Elizabeth Anne Hull in 2007.

Academic, activist and author Elizabeth Anne Hull died August 3 from complications a few months after falling and fracturing her hip. She was 84. 

Hull served as President of the Science Fiction Research Association from 1989-90, after editing the SFRA Newsletter from 1981-1984. She was recognized for service to SF research with the organization’s Thomas Clareson Award.

She was a member of the panel for the John W. Campbell Memorial Award for best SF novel intermittently from 1986 until her death. For over ten years, she served as North American secretary for the World SF International Organization for Professionals.

A frequent contributor to Worldcon programs, she co-organized the academic track at Chicon 7 in 2012.

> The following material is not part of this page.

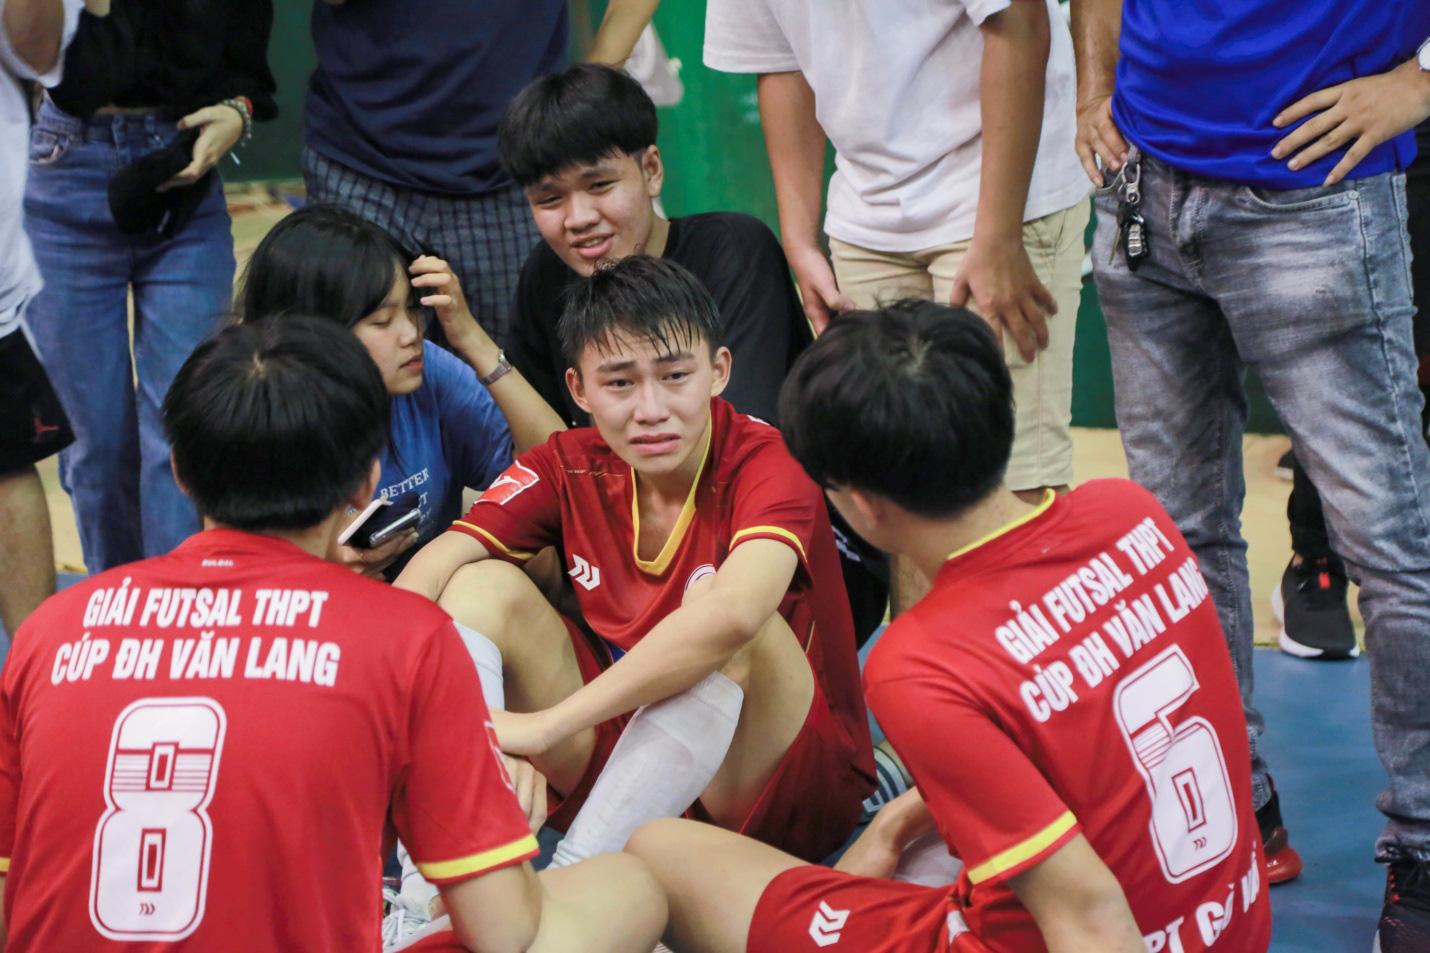 THPT Thanh Đa vô địch Giải Futsal học sinh THPT mở rộng tranh cúp ĐH Văn Lang năm 2020 - Ảnh 3.
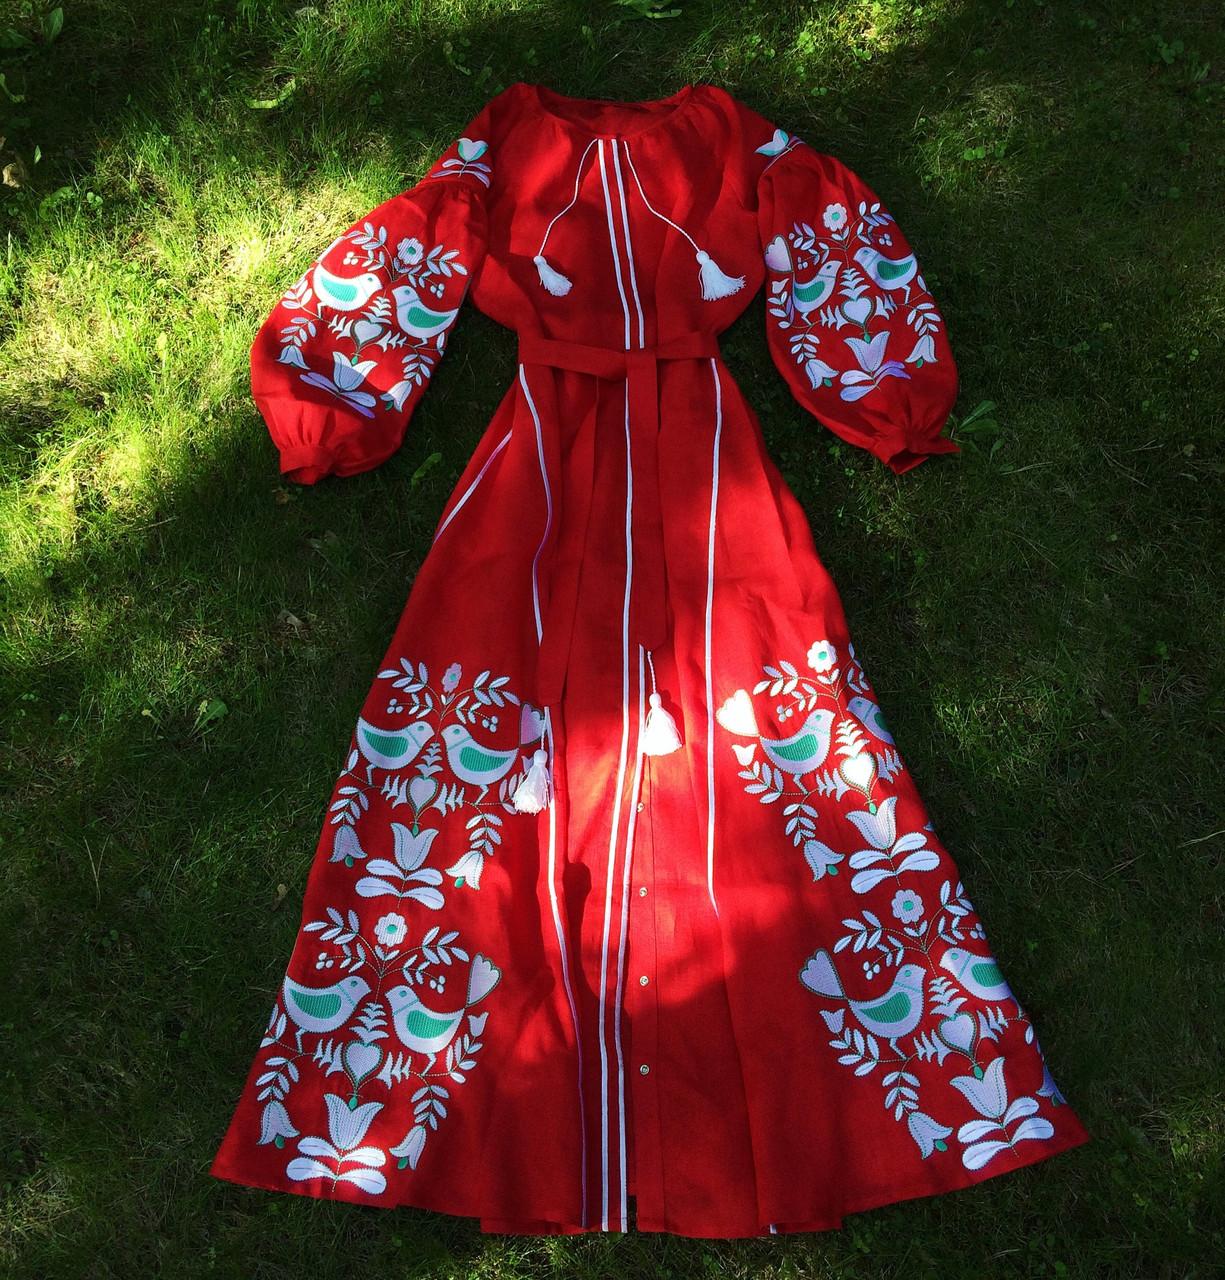 f174b913e8142a Довга льняна сукня з вишитими клинцями червоний льон вишивка гладь дерево з  птахами

Hull was Professor Emerita of William Rainey Harper College in Palatine, Illinois, where she taught English and science fiction for over 30 years, earning the school’s Distinguished Faculty Award in 1997. The Alumni Association of Northwestern University honored her contributions to her profession with its Award of Merit in 1995.

Active in Illinois politics, she was a former president of the Palatine Area League of Women Voters. In 1996, the National Democratic Party selected Hull as its congressional nominee against the longtime Republican incumbent in the 8th District, however, she was defeated.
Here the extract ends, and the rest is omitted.